3. Transaction contains TOAST partial changes
(rbtxn_has_partial_change), which cannot be streamed.
4. Transaction contains speculative inserts (INSERT ... ON CONFLICT),
also flagged as partial changes.
5. Transaction has no streamable changes yet
(!rbtxn_has_streamable_change).
6. Output plugin does not support streaming callbacks
(e.g. test_decoding without the streaming option).
7. Parallel apply worker is busy for >10 seconds — the leader falls
back to serializing changes to disk
(applyparallelworker.c, SHM_SEND_TIMEOUT_MS).

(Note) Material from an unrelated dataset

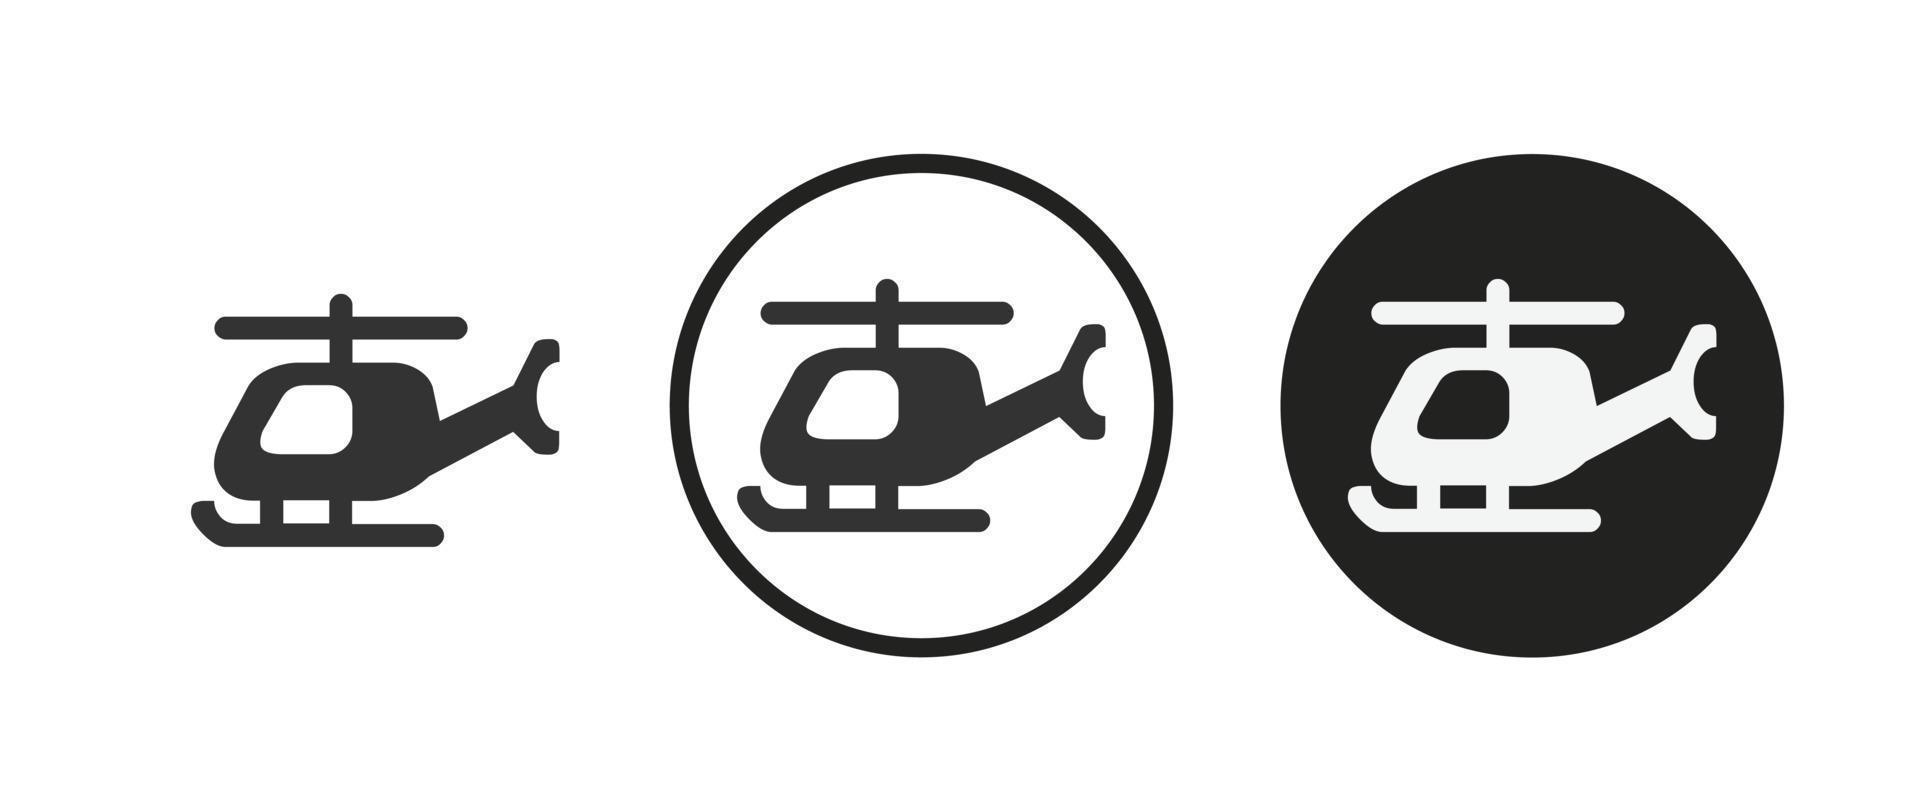 helicopter icon . web icon set . icons collection flat. Simple vector illustration.

8. No parallel worker available — the leader serializes the entire
streamed transaction to disk (worker.c,
get_transaction_apply_action → TRANS_LEADER_SERIALIZE).
Additionally, streaming is a *subscription-level* parameter that only
applies to built-in logical replication. Users of pg_recvlogical or
third-party CDC tools (Debezium, etc.) consume changes directly from
the publisher's walsender and have no subscription to configure.
So streaming=parallel and logical_decoding_spill_limit are
complementary: streaming reduces spilling in the common case, while
the spill limit provides a hard safety net for the cases where
spilling is unavoidable.
> Not sure, but doesn't it mean the error is repeating till the GUC is
increased?
Good question. Yes, if the same large transaction is re-decoded
without any configuration change, the same ERROR will occur again.
This is intentional — the behavior is analogous to temp_file_limit:
once the limit is hit, the operation fails, and it will keep failing
until the DBA takes action.
The DBA has several options to resolve it:
- Increase logical_decoding_spill_limit.
- Increase logical_decoding_work_mem (so less data is spilled).
- Enable streaming on the subscriber (streaming=on or
streaming=parallel), which avoids spilling in most cases.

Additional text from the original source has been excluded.